Without an accurate transcript, it's difficult, if not impossible, for appellate courts to rule in some cases.
CourtSmart, which cost about $20,000 per courtroom, has been installed in eight Clearwater courtrooms, with another 14 courtrooms due to get the system by July 1.
It will also be installed in Dade City's four courtrooms.
Eight microphones pick up conversations throughout the courtroom, while a technician who works in a remote control room monitors as many as four courtrooms at once, electronically marking the recordings at critical points in the proceeding.
If an attorney or judge needs a question played back, a message can be relayed to the control room, and a digital recording will be played over a speaker system. Five technicians now work in the Clearwater control room.
The system has a built-in fail-safe. A backup system turns itself on each day at 7:30 a.m. and records until 8 p.m.
Caddell says that's a good thing since everyone is still getting used to pushing the buttons.
Gina Grimes joins
Hill Ward law firm
Gina K. Grimes, former chief assistant Tampa city attorney, is a new senior associate in the real estate practice group at Hill Ward & Henderson PA.
Andrew Greenberg
wins national award
Carlton Fields attorney Andrew Greenberg recently received a national award from an affiliate of the Institute of Electrical and Electronics Engineers Inc., the world's largest technical professional group for engineers.
The group honored Greenberg's contributions in the area of intellectual property rights. He is vice chairman of IEE-USA's intellectual property committee.
The award specifically recognizes his work in the U.S. Supreme Court case, Festo Corp. v.
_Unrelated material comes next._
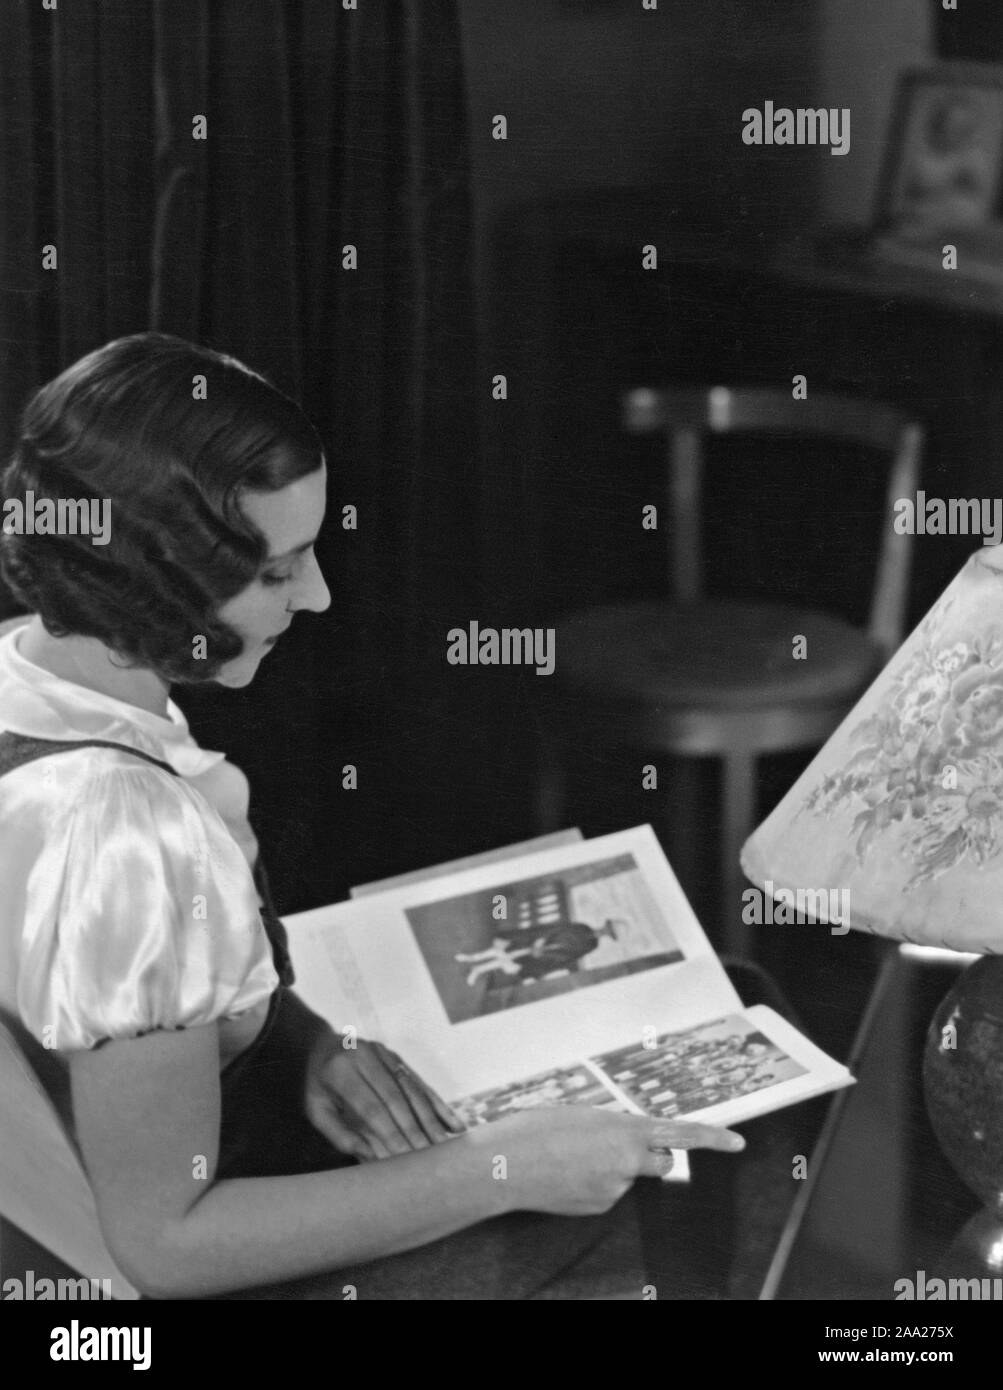 Frau der 1930er Jahre. Eine junge dunkelhaarige Frau mit einem typischen Haarschnitt der Zeit, kurz und mit gewellten curles von Hand gefertigt. Schweden 1930 Stockfoto
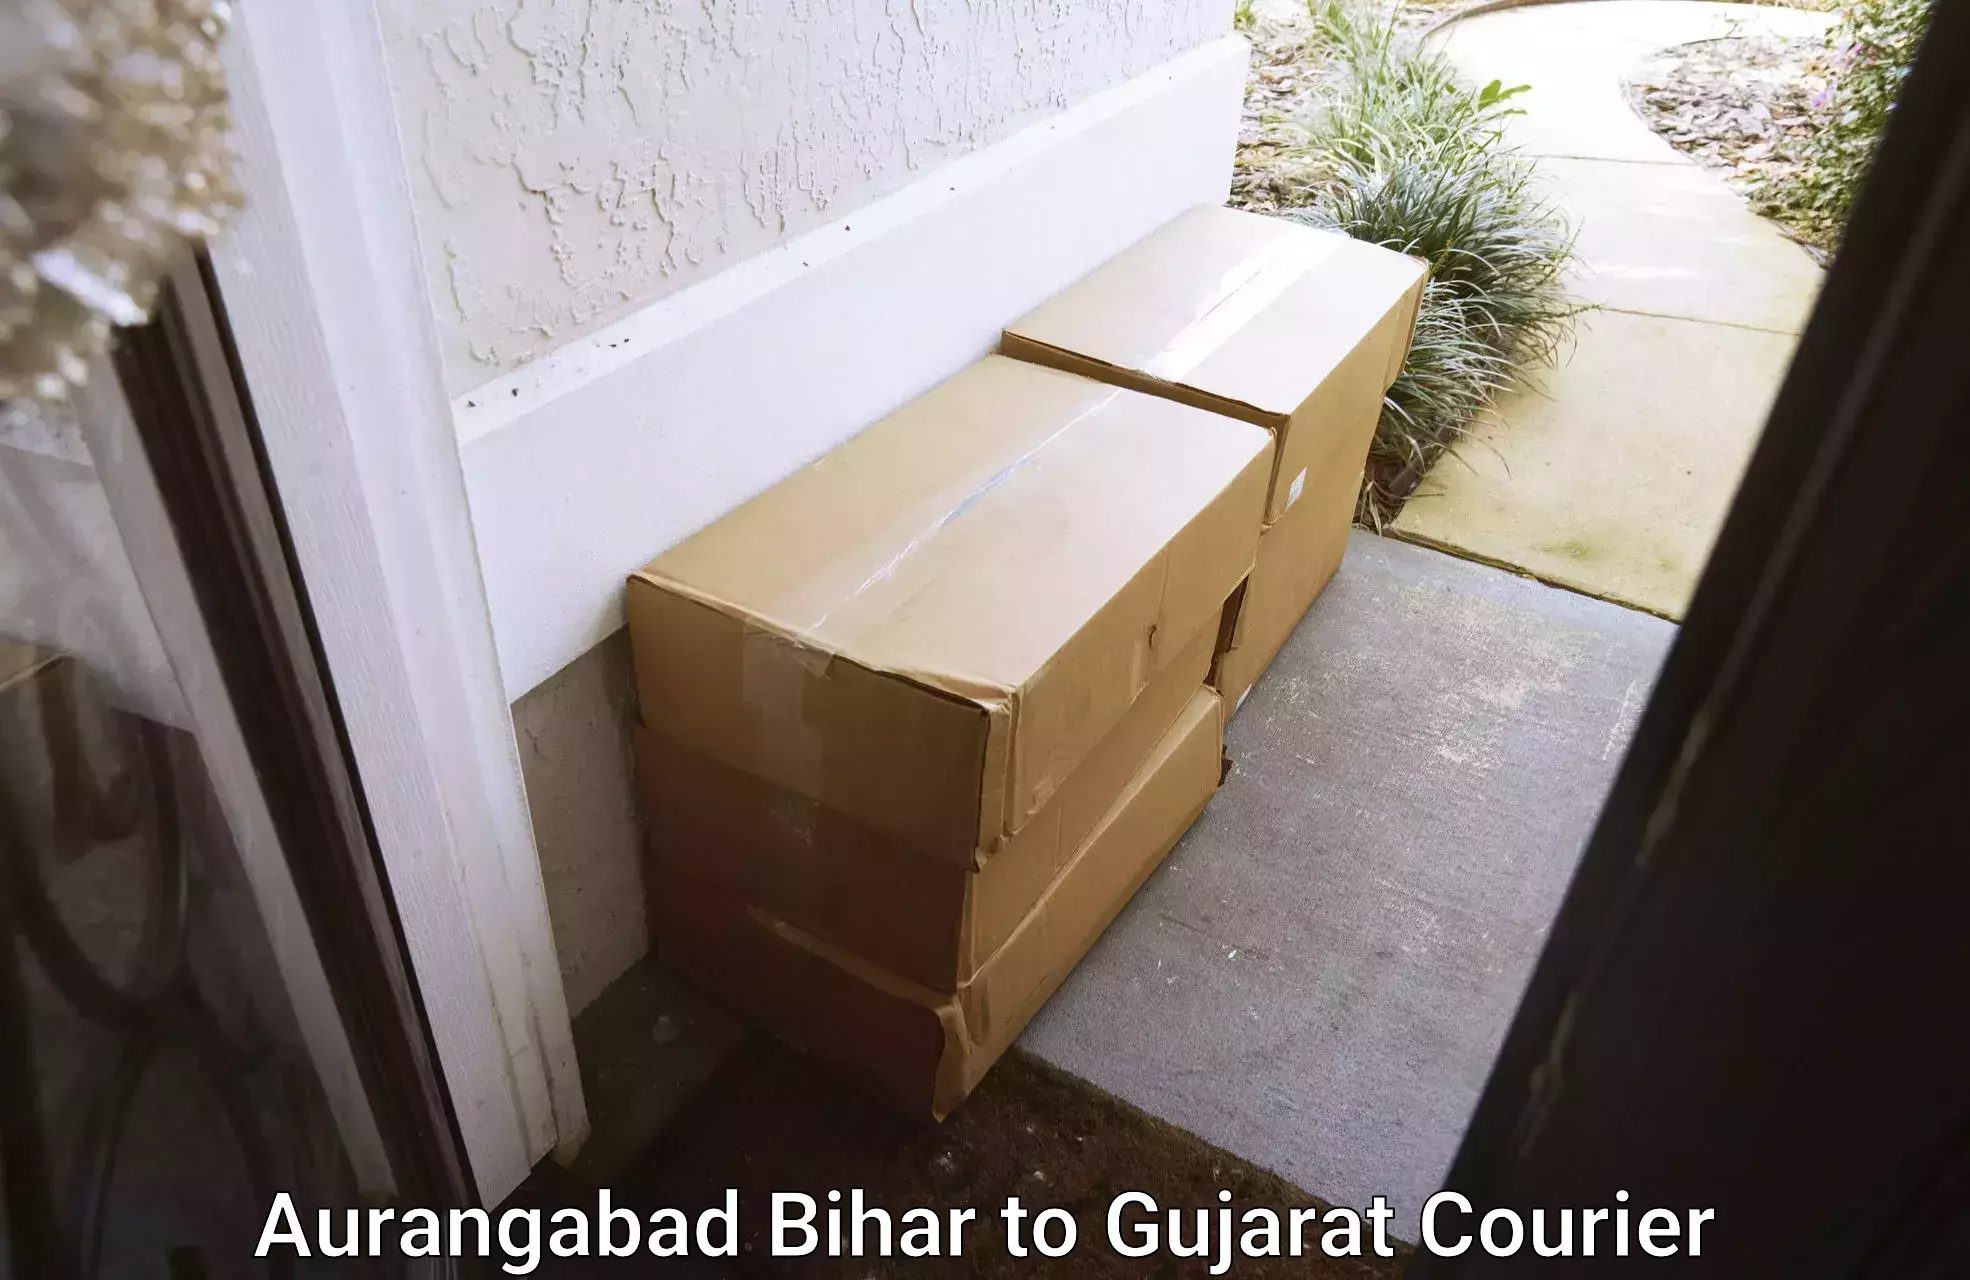 Furniture moving assistance Aurangabad Bihar to Anjar

Shoketsu Kinzoku Kogyo Kabushiki Co., Ltd. He led a team of 10 that submitted amicus curiae briefs on behalf of the engineering group. The court adopted the team's "foreseeable bar" standard on patent rights.
It also recognizes Greenberg's pro bono work with colleague Matthew Conigliaro in Baystate Technologies Inc. v. Howard L. Bowers.
Barr Murman
hires associate
John V. Trujillo Jr. is a new associate at Barr Murman Tonelli Slother & Sleet, Tampa.
He will focus on civil litigation matters. A graduate of Florida State University, Trujillo earned a law degree in 2002 from the South Texas College of Law.
Alpha-Omega Title hires
Lincoln as legal counsel
Leonard T. Lincoln is the new in-house legal counsel at Alpha-Omega Title Co., one of Hillsborough County's largest independent title insurance agencies.
He previously served as president of Lincoln Title Services in Tampa, an agent of Attorney's Title Insurance Fund Inc. He also had worked at First American Title Insurance Co.
Carlton Fields elects
Walbolt to sixth term
St. Petersburg attorney Sylvia Walbolt recently won her sixth re-election as chair of the Carlton Fields PA board of directors. Besides her management duties, Walbolt also serves as chair of the firm's appellate practice and trial support group. Her work as an appellate attorney has appeared in more than 215 published opinions.
Her work earned her the designation by The National Law Journal as one the Top 10 Women Litigators. She also is one of the first women elected as a fellow in the American College of Trial Lawyers, a former president of the American Academy of Appellate Lawyers and the first female president of The Florida Bar Foundation.
The law firm also elected the following Tampa Bay area shareholders: David R. Punzak and Gary L. Sasso, St. Petersburg; and Chris S. Coutroulis, Richard A. Denmon, Ruth Barnes Kinsolving, Edgel C. Lester Jr., Luis Prats, Thomas A. Snow and Robert A. Soriano, Tampa.
Tampa lawyer
published by ABA
Daniel W. Anderson of Tampa's Forizs & Dogali PL has been published in the winter edition of the American Bar Association's The Air & Space Lawyer. Anderson's article is titled, "In Pursuit of 'Natural Quiet': The Latest on Noise for Airports and Airlines."